# BUNGEE JUMPING,Problem is SEEMS long but it is not

Kate, a bungee jumper, wants to jump off the edge of a bridge that spans a river below. Kate has a mass m, and the surface of the bridge is a height h above the water. The bungee cord will first straighten and then stretch as Kate falls. Assume that the bungee cord behaves as an ideal spring once it begins to stretch. Neglect the effects of air resistance and use g for the magnitude of the acceleration due to gravity. Kate wants to adjust the length of the bungee cord so that she can come as close as possible to the river when she jumps, without actually hitting the water. Kate decides that she needs to measure the effective spring constant of the bungee cord,k . She attaches herself to the cord and asks a couple of strong friends to lower her slowly from the bridge until she can just touch the water (at this point the cord is stretched). She signals to her friends who mark the cord where they are holding it and haul her back up to the surface of the bridge. They measure the length of the (unstretched) bungee cord from the point where it was marked to the end attached to Kate. The length they measure is L1.

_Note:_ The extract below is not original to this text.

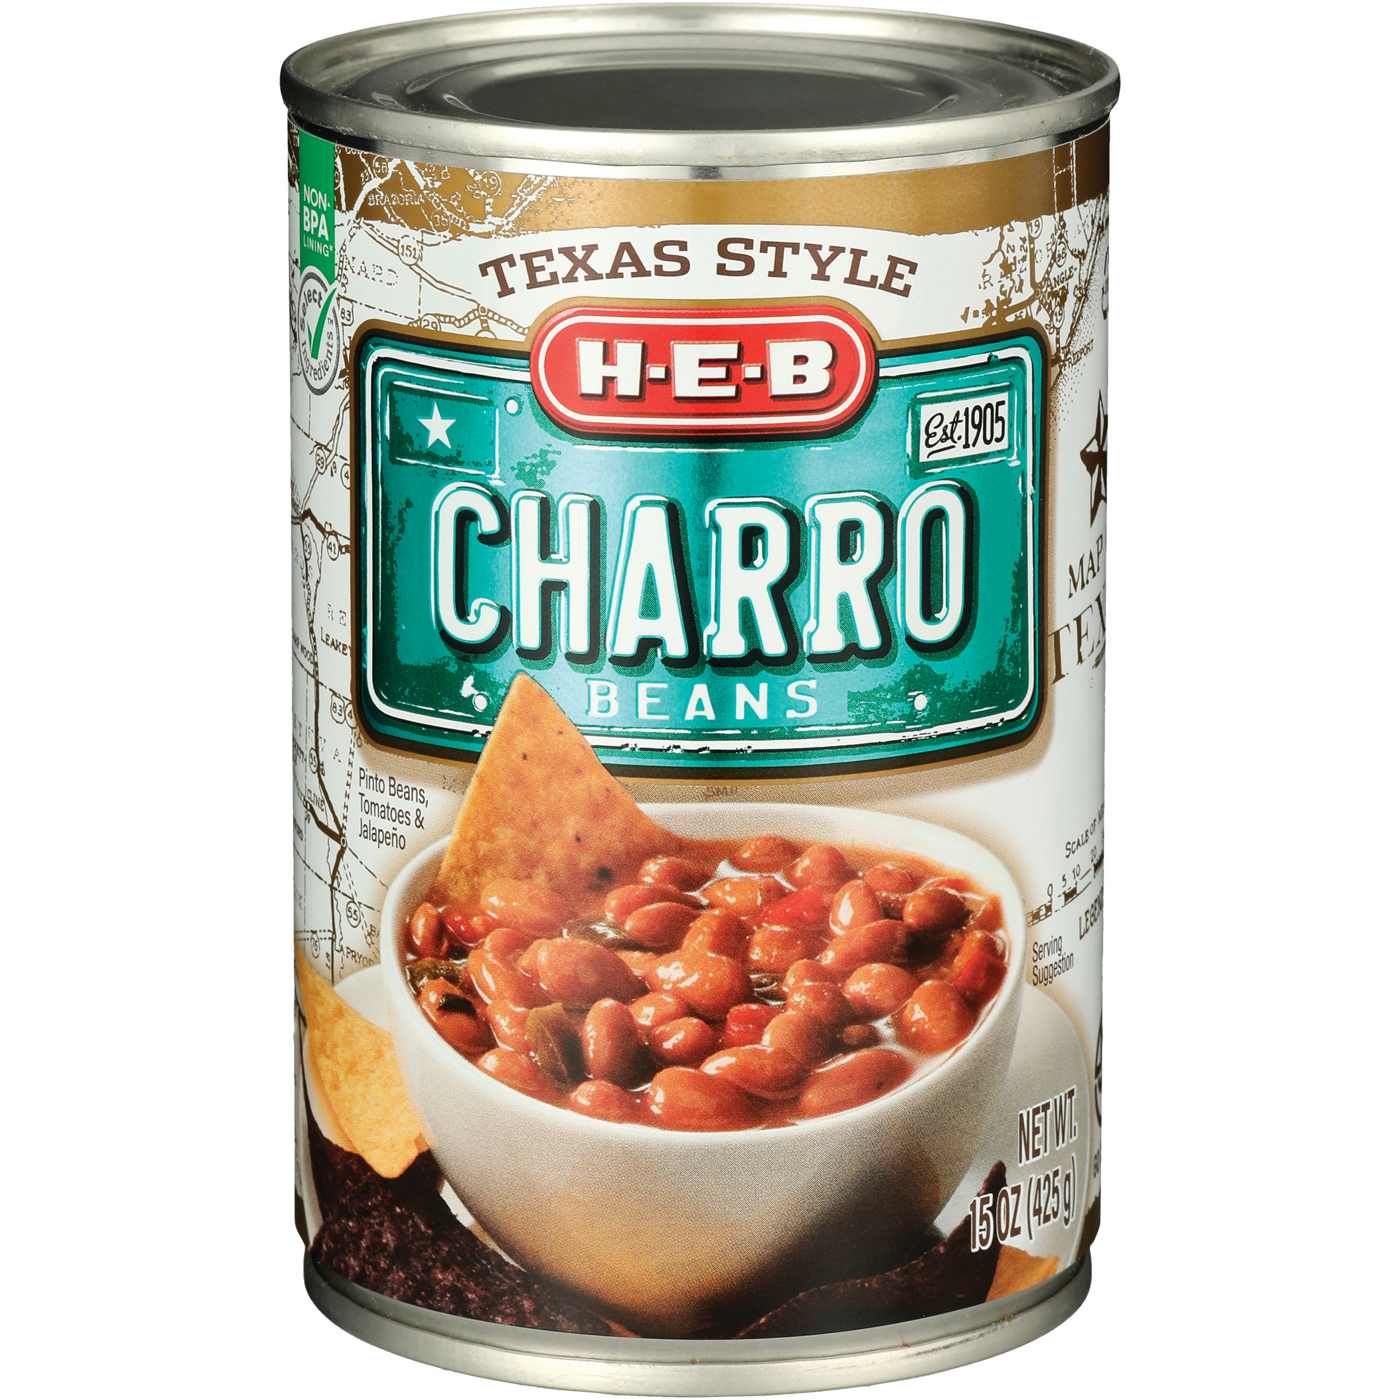 H-E-B Texas Style Charro Beans; image 1 of 2

and we know that k=m*g/(h-L1)

QUESTION)Now that Kate knows the spring constant of the bungee cord, what (unstretched) length of cord,L2 , should she give herself when she jumps off the bridge? (Remember that she wants to get as close as possible to the water without getting wet.)

For simplicity, assume that Kate doesn't actually jump but simply steps off the edge of the bridge and falls straight downward. Also, assume that her height is negligible compared to the length of the bungee cord and that the bungee cord has the same spring constant in parts A and B.

Express L2 in terms of L1 and any quantities given in the problem introduction.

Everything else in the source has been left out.